Maura - great idea about moving the needles around. I do believe you GAM, but those 'ladders' bother me  frazzle, I've been trying to tighten the two stitches on both sides, but it doesn't seem to be helping. I can SEE the last stitch is looser, and no matter what I do, I can't seem to tighten it up...


----------



## gone-a-milkin (Mar 4, 2007)

PKBoo, the wraps are not on the needle.
They are like collars around the slipped stitches. I can see them from here. _

Another herky jerky Cat Bordhi vid. :teehee:

[YOUTUBE]_yVikAvPuE4[/YOUTUBE]


----------



## gone-a-milkin (Mar 4, 2007)

The purpose of those wraps is to fill in the holes left where you turned.
My reason for using THIS video to illustrate how to pick up the wraps is that it works better than the 'regular' way.
It really does.


----------



## PKBoo (Apr 10, 2008)

Thanks GAM - she's a genius! Her hands weren't as spastic in this video 

I LOVE her analogies - they are hysterical :hysterical: And she does go slow enough that I can follow along knitting at the same time. 
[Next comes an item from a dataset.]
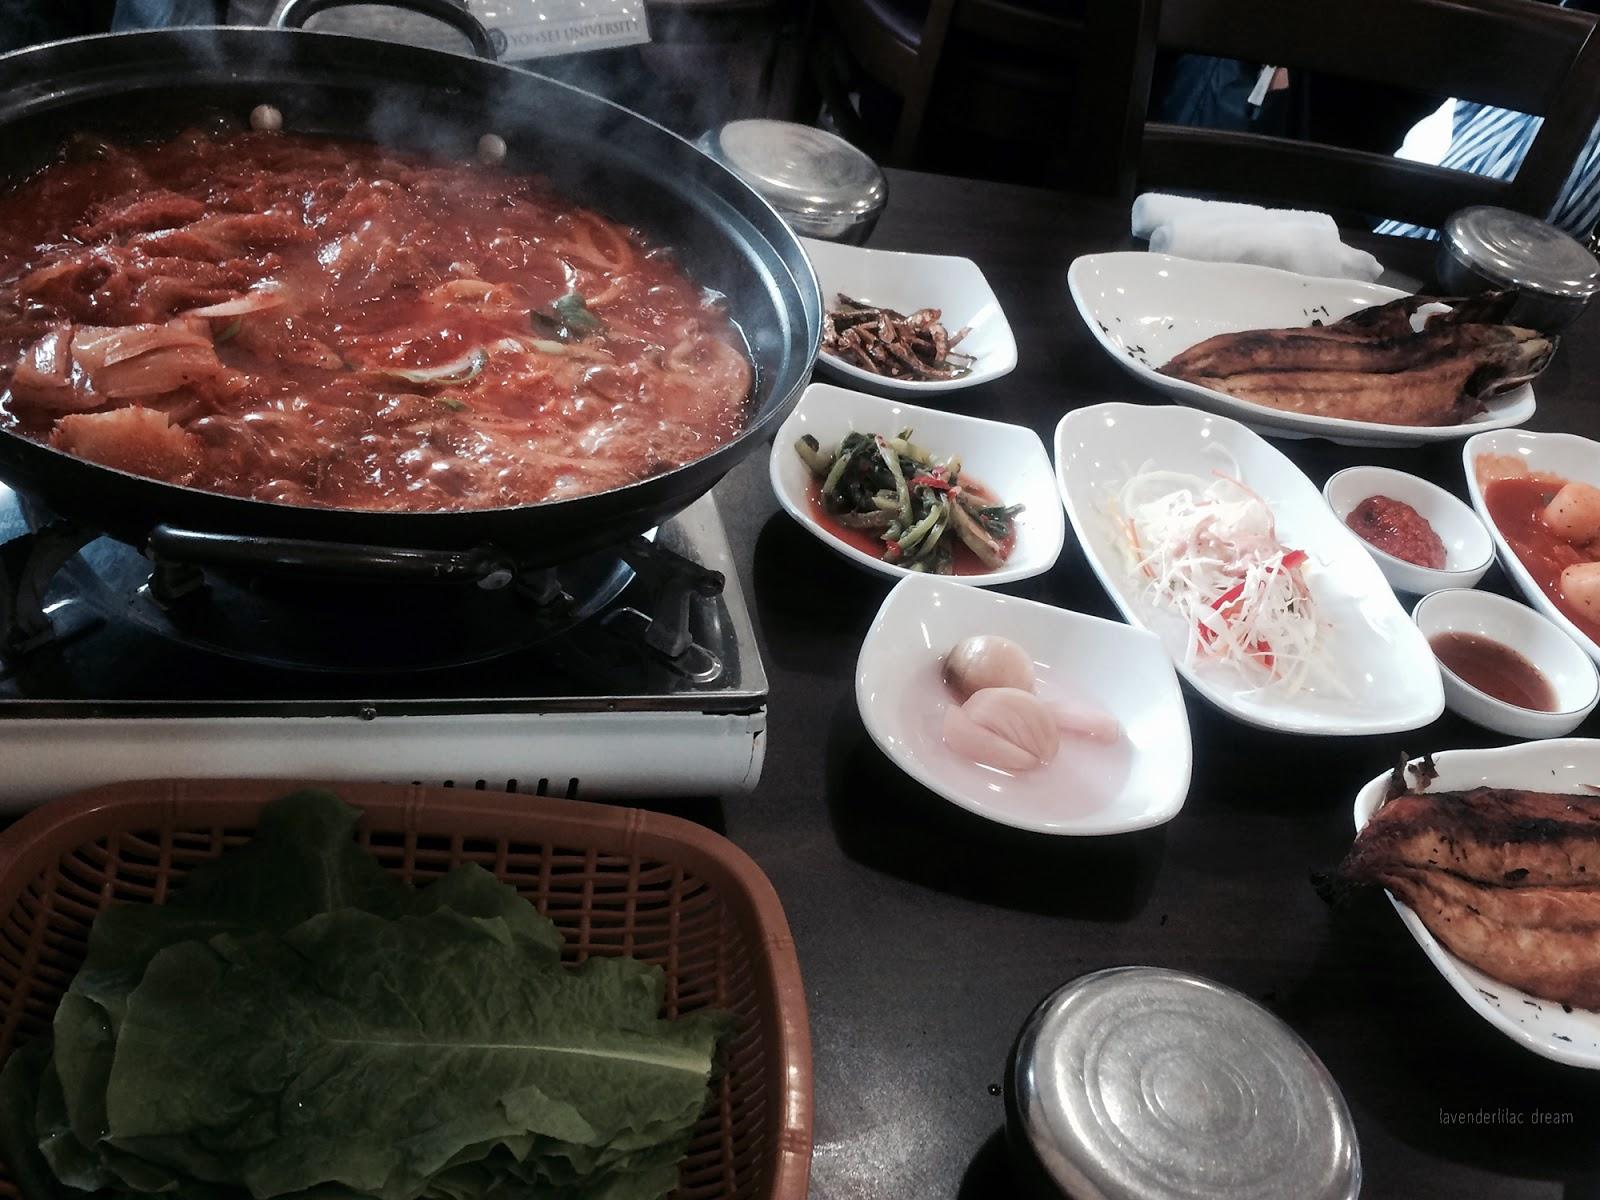 South Korea, Yonsei University, YISS 2014 Field Trip to Jeju Island, First lunch in Jeju - Spicy Pork Dwaejibulgogi

So yahoo! Turning the heel is in progress! Thanks GAM!


----------



## Miz Mary (Feb 15, 2003)

NICE looking sock !!! Love the colors ! Cat Bhordi ROCKS !!! My "go to " sock pattern is one of hers ... keep posting pics of your sock , it's fun to watch your progress !!


----------



## PKBoo (Apr 10, 2008)

So I finished turning the heel, which was super easy (I think!) So much better than picking up those gusset stitches :run:

But, here's what I got so far. The first picture is the sock laying flat. It's almost like the heel is a tube like the foot is though:

yarma by BooPK, on Flickr

Here's a picture with a little bucket holding up the heel (it's a leftover favor from DD's wedding shower :indif: and handy!)

yarma by BooPK, on Flickr

It just seems like the heel is a 'pocket' instead of a 'cup'...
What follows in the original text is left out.